# Radial Arm Saw Parts



## Rocky RR (Feb 5, 2008)

I have an old Montgomery Ward (Powr-Kraft) radial arm saw. I'm in need of a replacement trigger switch. Does anyone know where I might find Powr-Kraft parts or a switch that might work? Or, any other solution?

Thanks,
Rocky


----------



## cabinetman (Jul 5, 2007)

Check this website. It lists alternate manufacturers for Powr-Kraft. You may find a current supplier of parts.


----------



## Rocky RR (Feb 5, 2008)

Thanks, I'll give it a try.


----------



## gustbendurango (May 13, 2009)

*Radial arm saw part -replacement trigger switch*

Rocky,
I have the same Powr Kraft radial arm saw and need a replacement trigger switch or a fix for a cracked plastic case on the switch. did you have any luck or does anyone have a suggestion?


----------



## iowaboy.17 (Jun 22, 2009)

PowrKraft TPC-2610C Aux. spindle wanted. My inst book says "Router adapter #84-2613 is needed to mount router bits". Anybody have onr, or know a source I can contact? Thanks in advance. tom in Vt.


----------



## Rocky RR (Feb 5, 2008)

iowaboy.17 said:


> PowrKraft TPC-2610C Aux. spindle wanted. My inst book says "Router adapter #84-2613 is needed to mount router bits". Anybody have onr, or know a source I can contact? Thanks in advance. tom in Vt.

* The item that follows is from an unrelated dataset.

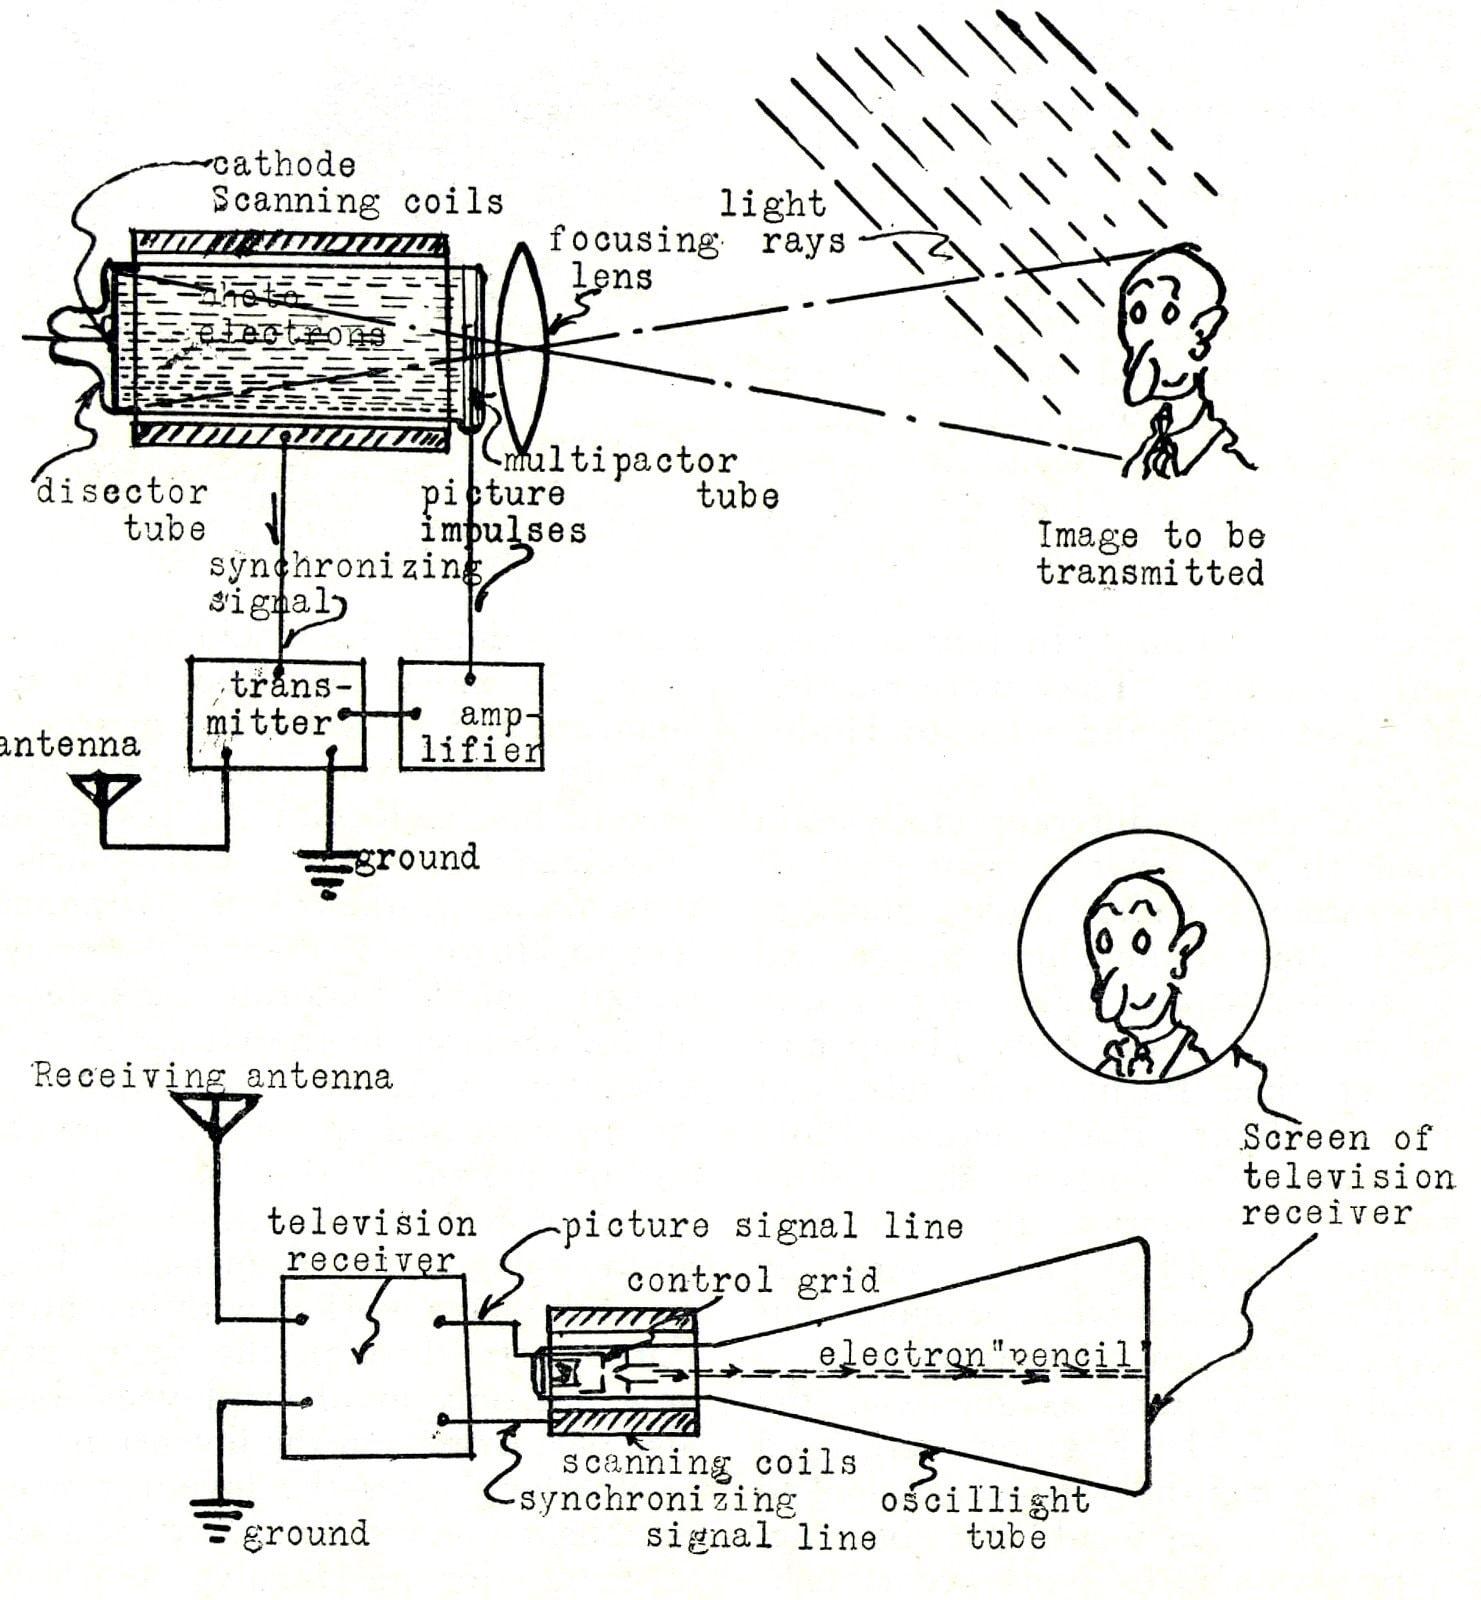 Philo Farnsworth - Inventor of television

Is this what you're looking for? If so, I have one from my saw that I am willing to sell.


----------



## iowaboy.17 (Jun 22, 2009)

*powr kraft spindle*

Rocky: Thanks for the reply. As best I can tell from the catalog reprint, that does look like what I need. The part number is different (I need part #84-2613) but if your collet will threal on a 15/32" diameter shaft with 20 threads per inch, I'll buy it. You can call me at 802-355-1366 with a price, or I suppose you can post it here. BTW, I think you were looking for a replacement trigger switch at one time, and I know ToolKraft in Springfield, Mass. has them. 413-737-7331 if you want to check. tom


----------



## iowaboy.17 (Jun 22, 2009)

*radial arm saw spindle*

Hey Rocky: Give me a call. 802-355-1366. I'd sure like to get that spindle adapter. tom


----------